Неизвестно, что подумала при последнем слове старая кухонная фея, но она фыркнула. Мы не хотим сказать этим ничего плохого о ее нравственности. Она фыркнула от презрения к умственным способностям Варвия Мигунова.

– Так вы думаете, что это случайность? – спросила она, оборачиваясь к Мигунову с раскрасневшимся от огня, язвительно играющим лицом. Тут она заглянула в ложку, которой мешала соус, и вкусно облизала ее. – Я не читаю газет, но мне кошка на хвосте приносит. И ворона. Да-с! Они тоже живут «общ-ще-ст-т-венной жизнью». Златогорск горит две недели. В городе сгорело восемнадцать зданий. А вы твердите о какой-то неосторожности! – Ефросиния обвела взглядом кухню, точно следя, не летает ли где эта смехотворная неосторожность. – Я говорю, что не вижу неосторожности! Я вижу злодеяние. Упорное, систематическое злодеяние черных злодеев! Ваша обязанность, как судьи – схватить и казнить этих злодеев немедленно, иначе вы тоже преступник!

Хотя Мигунов был только делопроизводитель или, вернее, архивариус, Ефросиния не сомневалась, что служить в здании Златогорского суда значит быть судьей.

– Преступник?! – вскричал Варвий. – Повторите это еще раз, прошу вас! Но, – прибавил он поспешно, так как старуха из упорства могла повторить что угодно, сколько угодно раз, – известно ли вам?..

– Схватить и казнить, – перебила старушка, энергично поджимая губы. – Не давая пощады! Немедленно!
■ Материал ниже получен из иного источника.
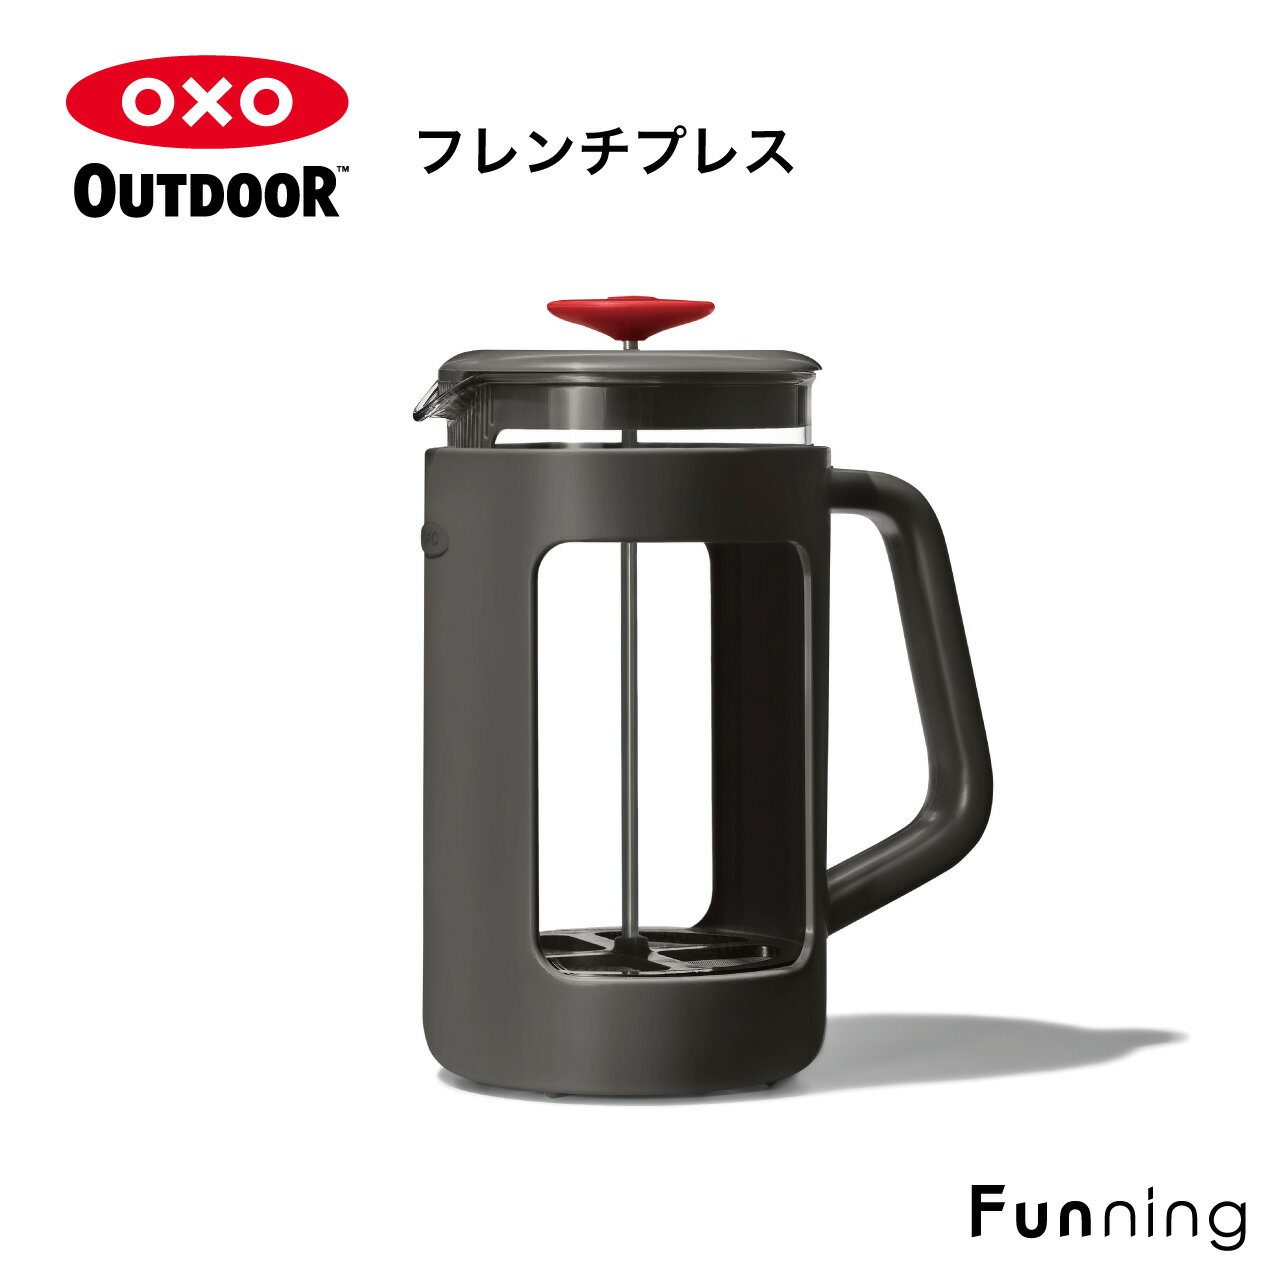 OXO Outdoor（オクソーアウトドア）フレンチプレス 950ml コーヒープレス アウトドア キャンプ お家 軽量 丈夫 持ちやすい お手入れ簡単 プレゼント
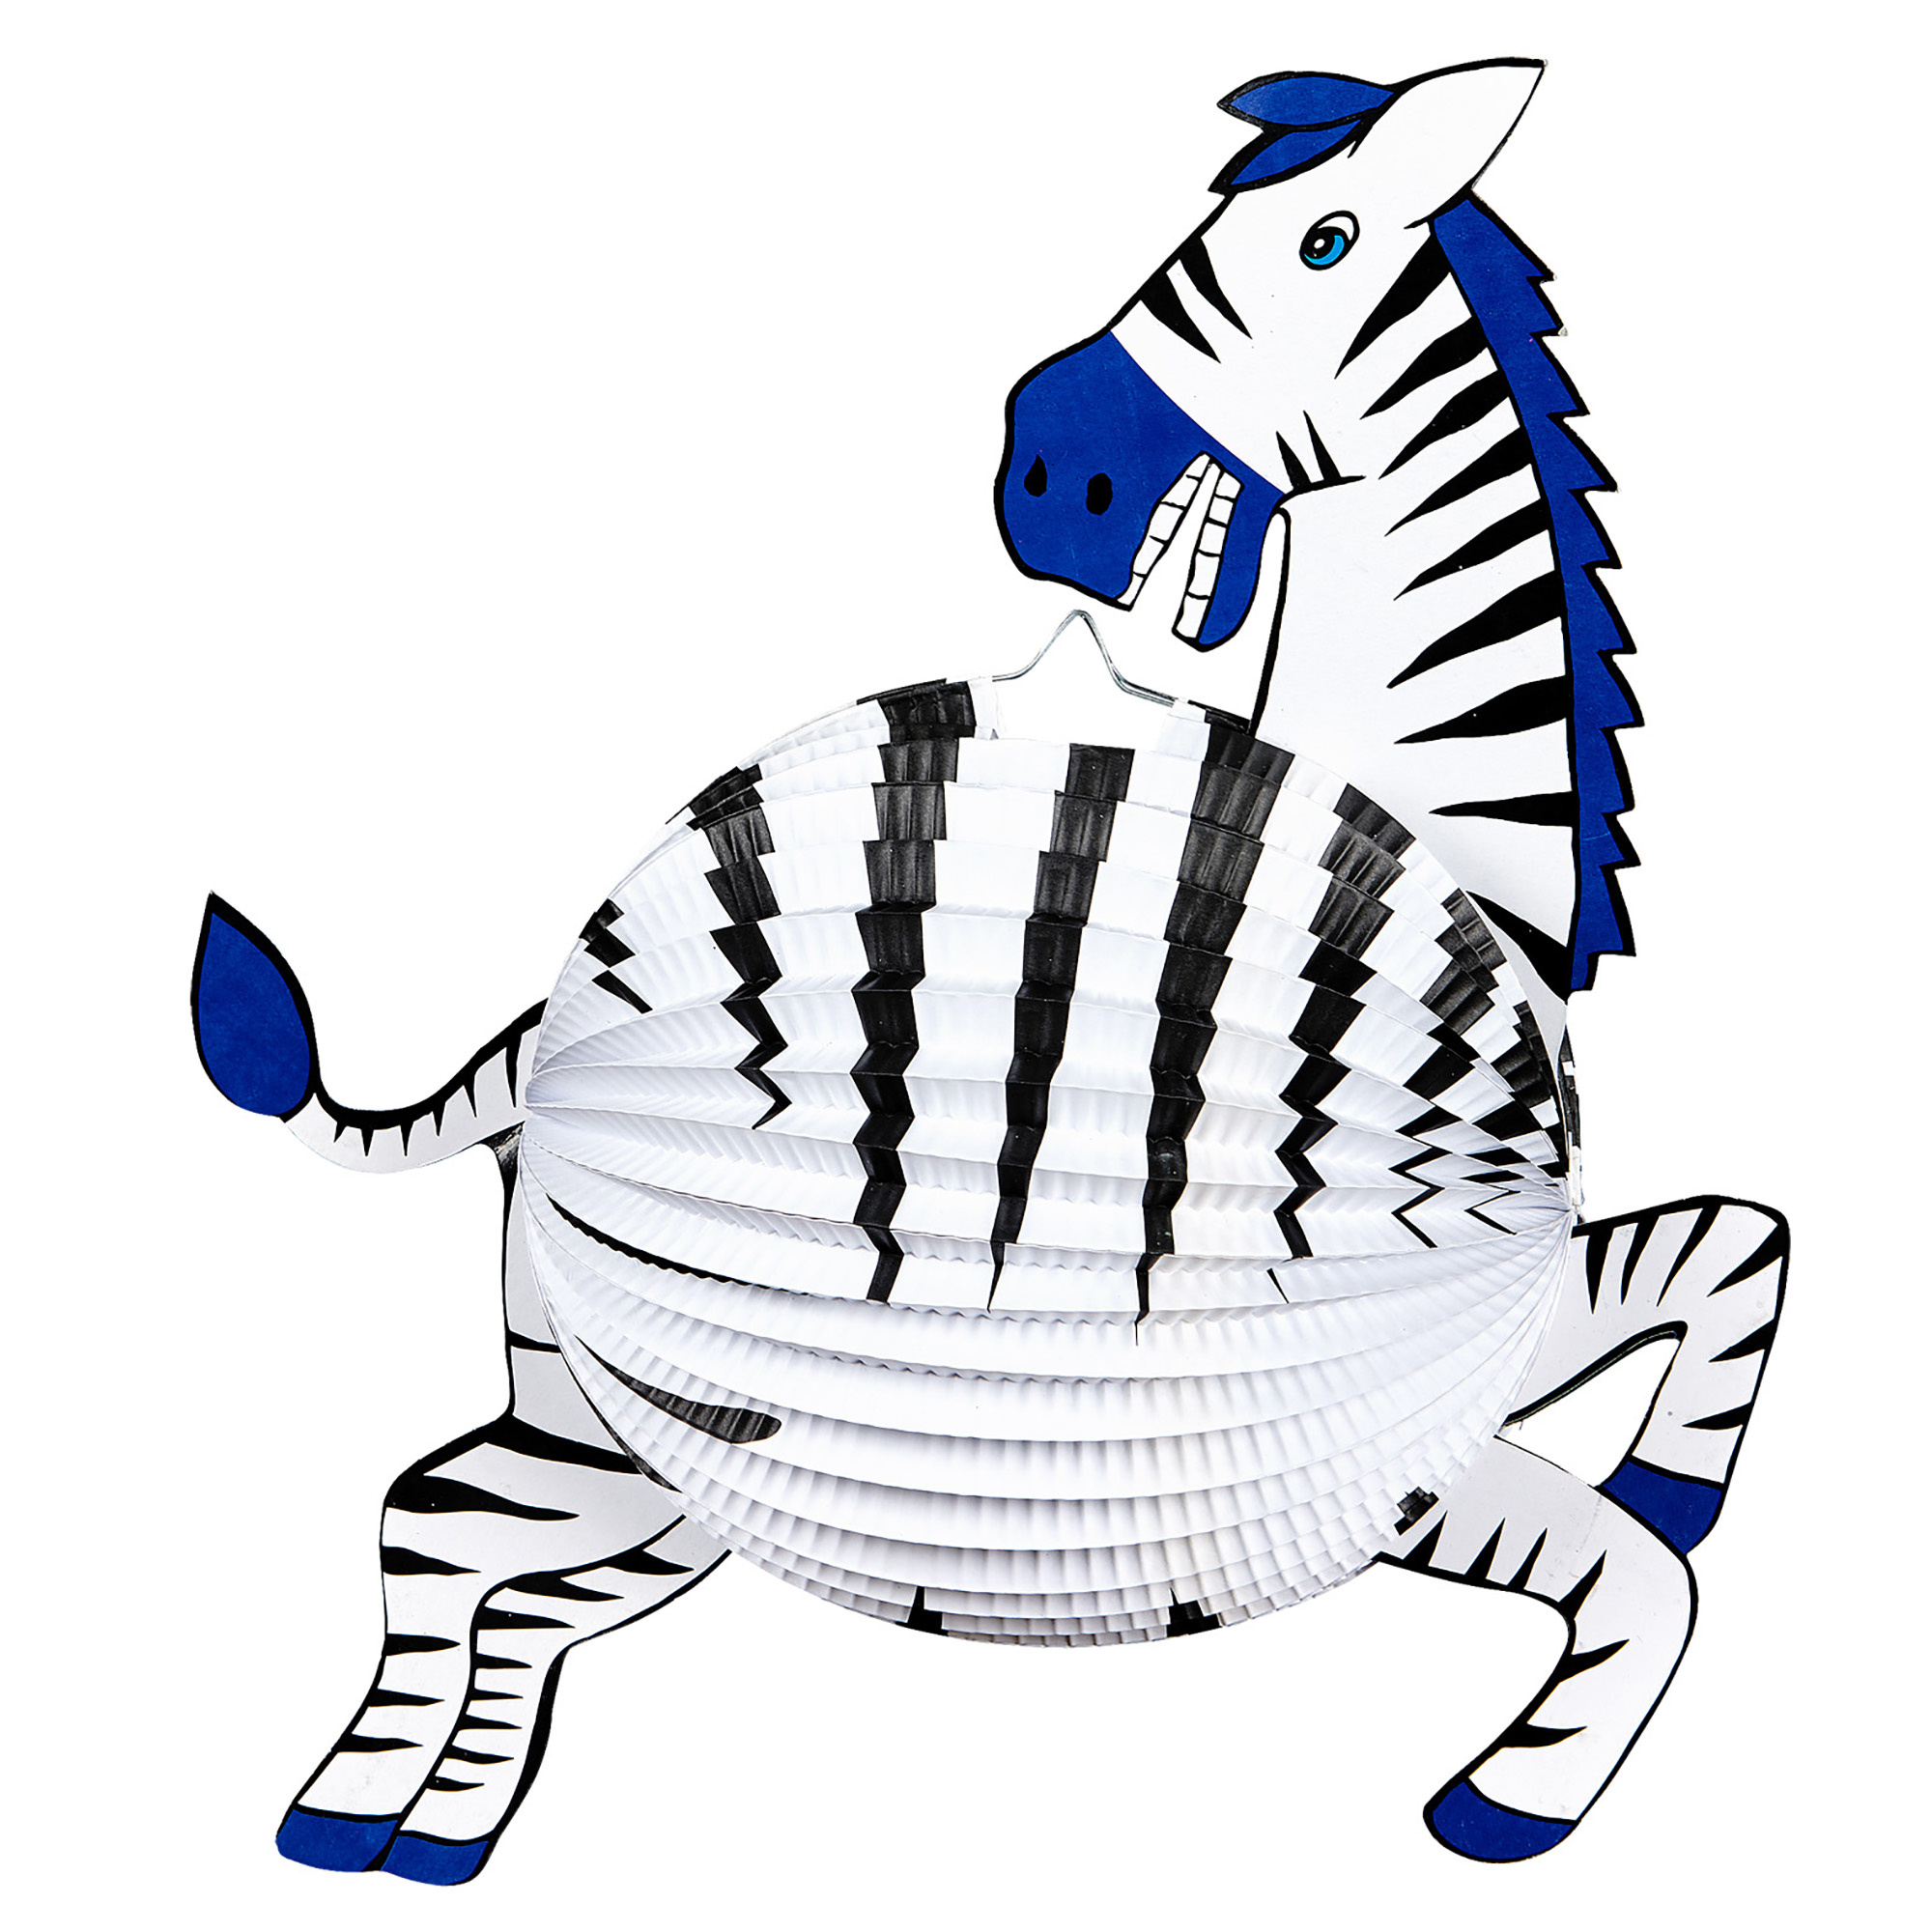 Zebra lampion decoratie van papier

– …известно ли вам? – сказал Мигунов, воровски вкладывая эти слова в перерыв дыхания Ефросинии, но его остановил, остановив также боевое движение острых лопаток Ефросинии, громкий, как град, звонок.

Колоколец, висевший у черной двери на лестницу, затрепетал с силой необычайной; Ефросиния открыла дверь, и в кухню вошел человек с портфелем, худой, в черной огромной кепке и обвисшем пальто, коричневом с синей клеткой. Он был рыж, веснущат и нервен. В его движениях не было ничего положительного. Он не вошел, а как бы быстро ввернулся боком, перевернувшись на месте, и стал без нужды рыться в карманах пальто, затем поздоровался, уронив кепку.

– Дождь, – быстро сказал он голосом сморкающегося, – проливной дождь. Добрый вечер, талантливая и суровая Ефросиния! Здравствуй, Варвий! Хотя я долго звонил с улицы и мог бы уже давно поздороваться с вами.

– Прости, Берлога, – сказал Варвий, беря от старого друга шляпу и портфель, – но я только что вернулся со службы и имел хозяйственный разговор. Ты кстати, так как сейчас подадут ужин.

– Я не хочу есть, – сказал Берлога. – Мы – газетная хроника – обедаем только в моменты добродетельного состояния общества. Убийство, растрата, хулиганство – мгновенно вырывают ложку из наших рук. Мы не доели еще и одной тарелки со времени Каина! Теперь – эти пожары или, как будет правильнее назвать их, – поджоги. Варвий, дай материал…

– Он должен поужинать, – решительно вступилась Ефросиния, разрезая своим чепцом пространство меж Мигуновым и Берлогой. – Потрудитесь ужинать с нами.

– Варвий, – нетерпеливо продолжал Берлога, рассеянно взглянув на экономку и бессознательно отстраняя ее, – я скажу кратко, так как спешу. Старожилы сообщили нам в редакцию, что двадцать лет назад, в так сказать мрачные времена царизма, Златогорск пережил подобную же серию пожаров. Статья должна стать одной ногой в прошлое, другой – в развалины театра «Спартак». Работать я буду ночью. Дай материал, – процесс, дело, документы. Ведь у тебя сохранились старые архивы здешнего суда?

– Хорошо, – начал с задумчивостью Мигунов, смотря в пар кипящего соуса, – но… Хотя я могу поехать с тобой сейчас. Однако, если ты имеешь час времени, мы могли бы поужинать. Это необходимо, и в этом доме никакое самое ужасное событие не вырвет у тебя ложку из рук.

– Нет! – с гневом подтвердила старуха. – Нет, пока я жива!

Берлога взглянул на часы.

– Хорошо, – сказал он, – скрепя сердце. Я устал. Правда, я хочу есть.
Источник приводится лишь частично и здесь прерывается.